Dear friends I think stress in arabic means الشدة
can any one find it in المدرسة


----------



## clevermizo

boubata said:


> Dear friends I think stress in arabic means الشدة
> can any one find it in المدرسة



No - the term "stress" the way we are using it in this thread is نبرة:
"نَبْرَةُ الْكَلِمَةِ" : رَفْعُ الصَّوْتِ عِنْدَ النُّطْقِ بِهَا

I think this is the correct term for the phenomenon we are after. شدة is used for consonant doubling. There is no mushaddad consonant in madrasa, but there is a stress on the first syllable : mád.ra.sa (unless we add suffixes or inflection as noted above).

This phenomenon of stressed syllable is sometimes called "accent" in English.

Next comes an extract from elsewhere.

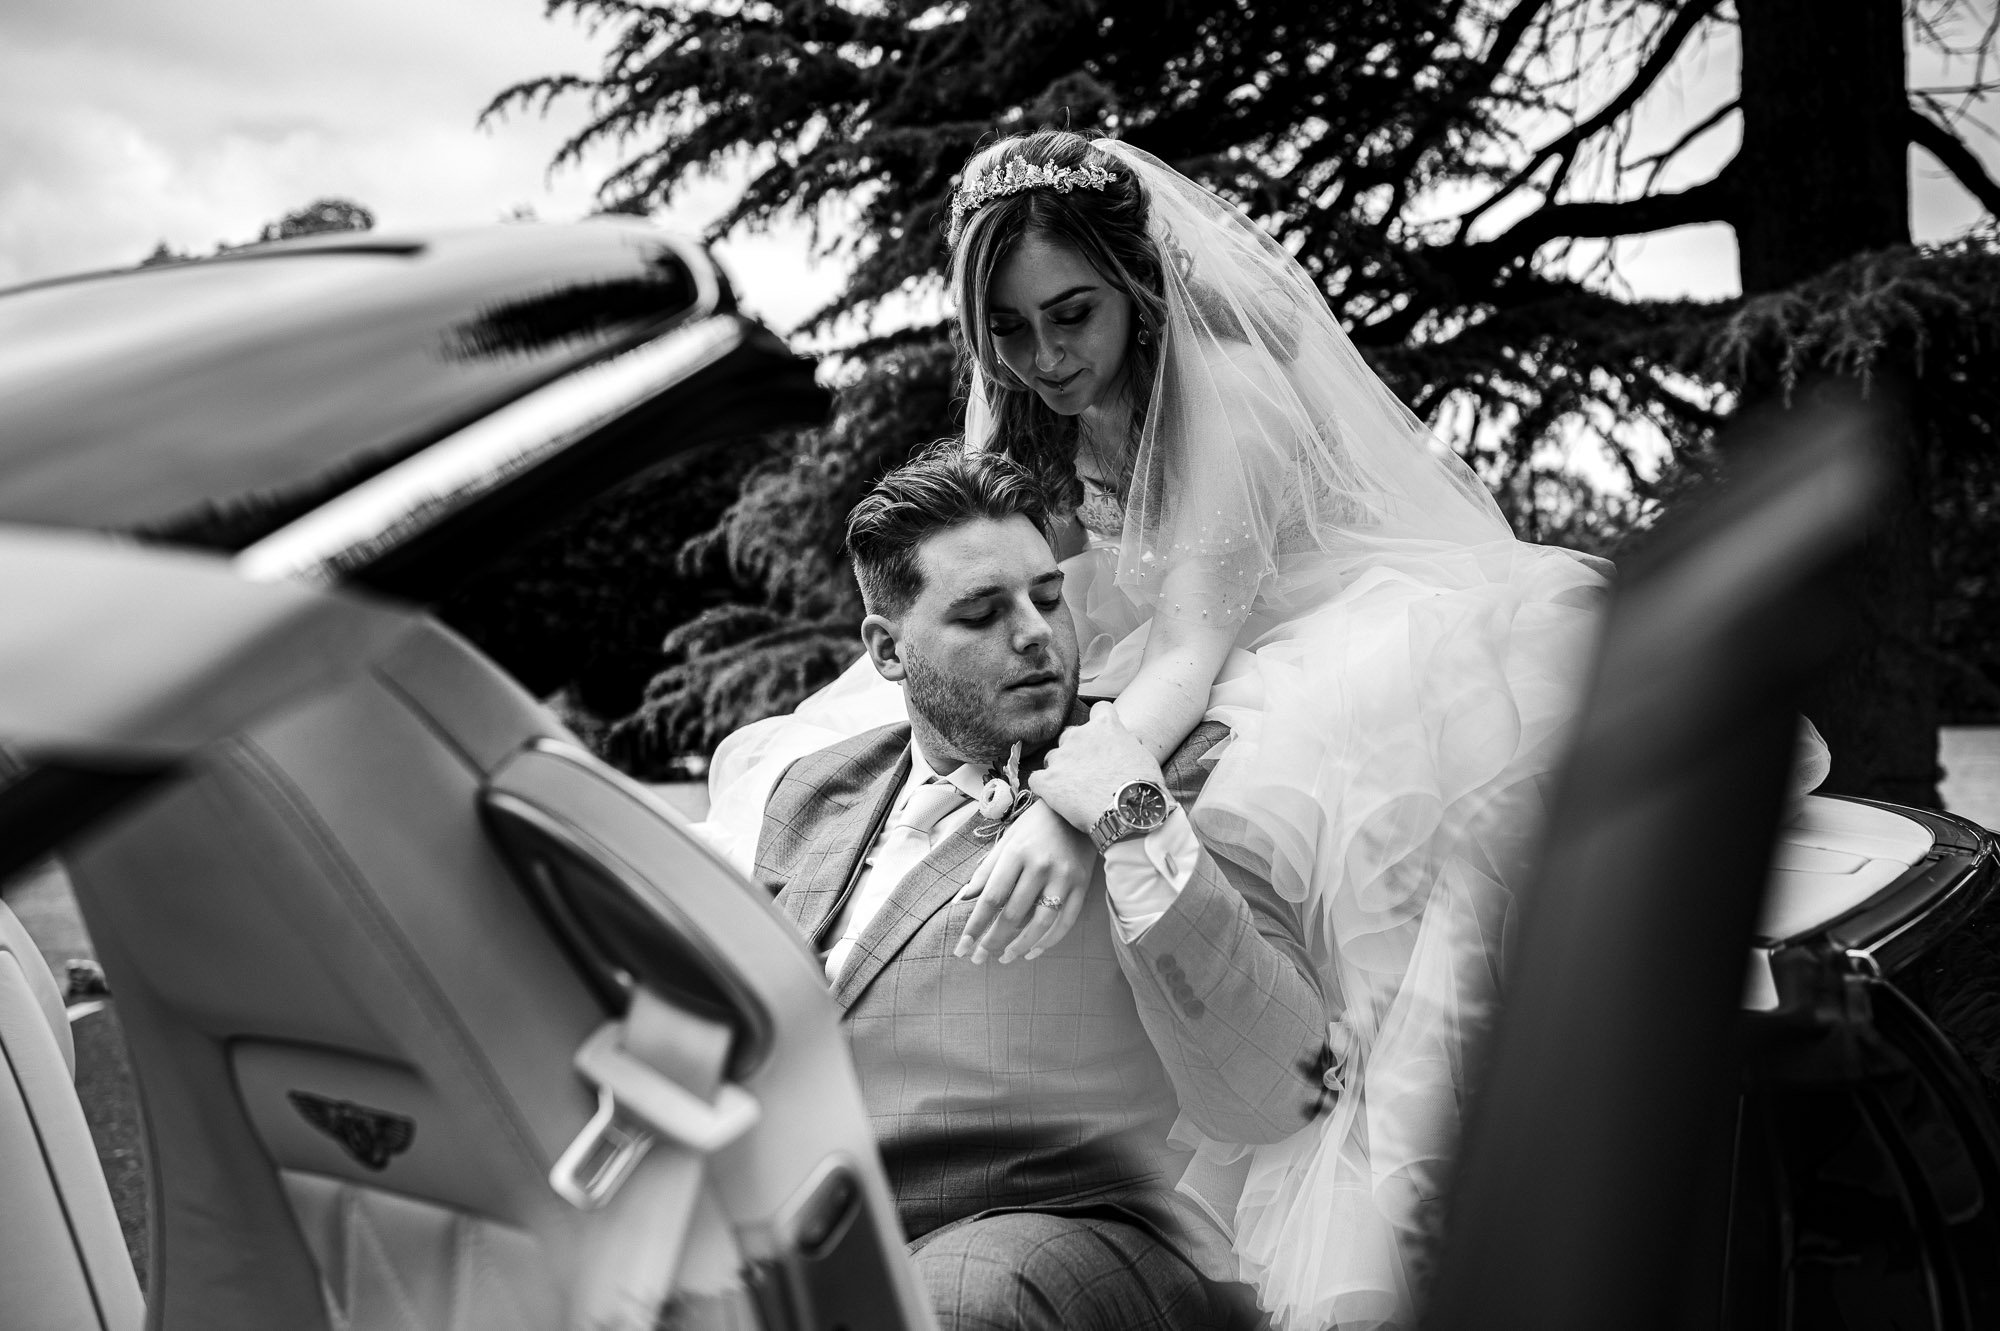 Bride and groom in the bridal car
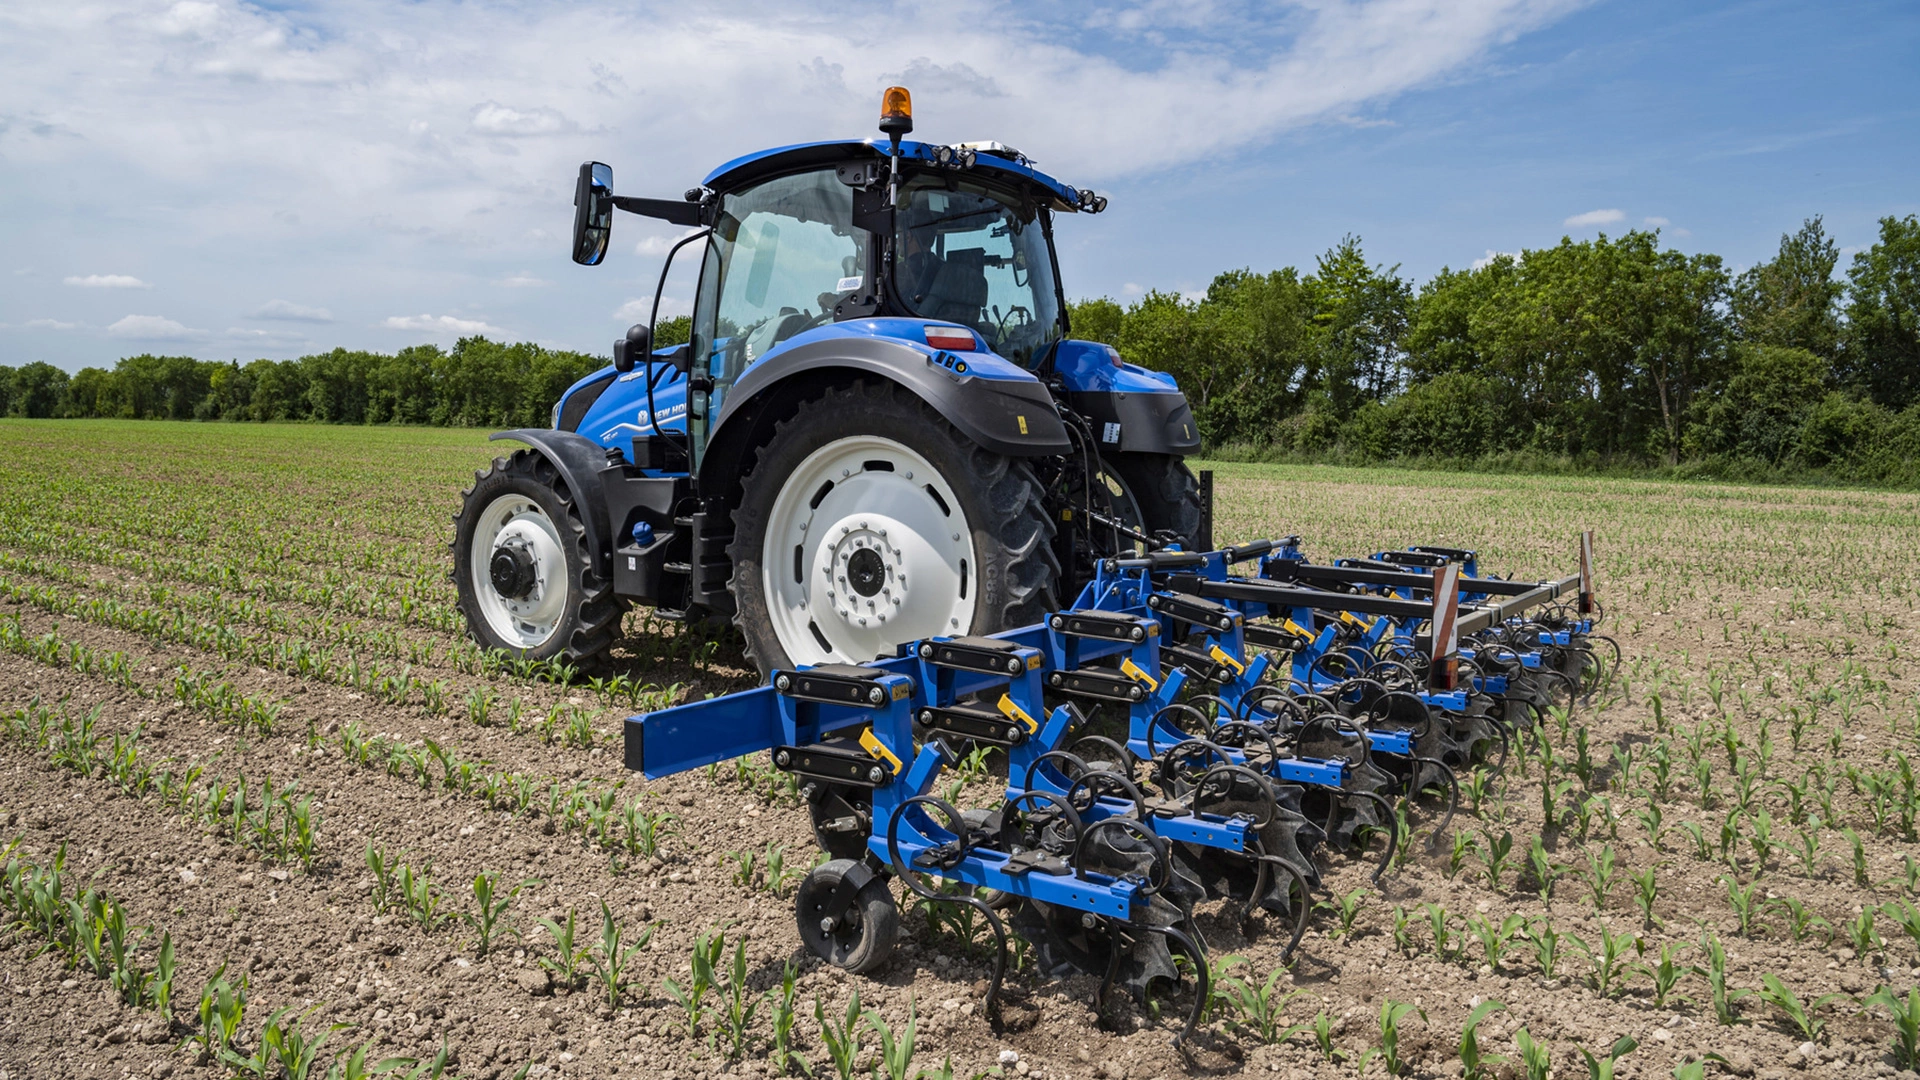 Tractor with SRC & SRC SmartSteer Interrow Cultivators in motion, cultivating the soil between green rows on a farm field

Using this English word for Arabic I find misleading because many people use "accent" to refer to different regional accents/dialects.


----------



## boubata

So I think you mean the intonation


----------



## elroy

boubata said:


> So I think you mean the intonation


 "Stress" is the term commonly used with this meaning.  "Intonation" is usually used in reference to a longer utterance, not just a single word.


----------



## clevermizo

elroy said:


> "Stress" is the term commonly used with this meaning.  "Intonation" is usually used in reference to a longer utterance, not just a single word.



So is نبرة the right word for this situation then?


----------



## cherine

To my knowledge it's an-nabr (masculine) النبر . I read it in an Arabic book about linguistics (not my usual reading  ) but this is the word I found used. 
Nabra نبرة is the tone of the voice.


----------



## Necsus

Thank you all!
However, in languages like Italian, stress/accent is the emphasis that may be given to a syllable in a word, and it lies on a vowel.


----------



## elroy

Necsus said:


> However, in languages like Italian, stress/accent is the emphasis that may be given to a syllable in a word, and it lies on a vowel.


 It's the same in Arabic.


----------



## Necsus

Thank you, elroy.


----------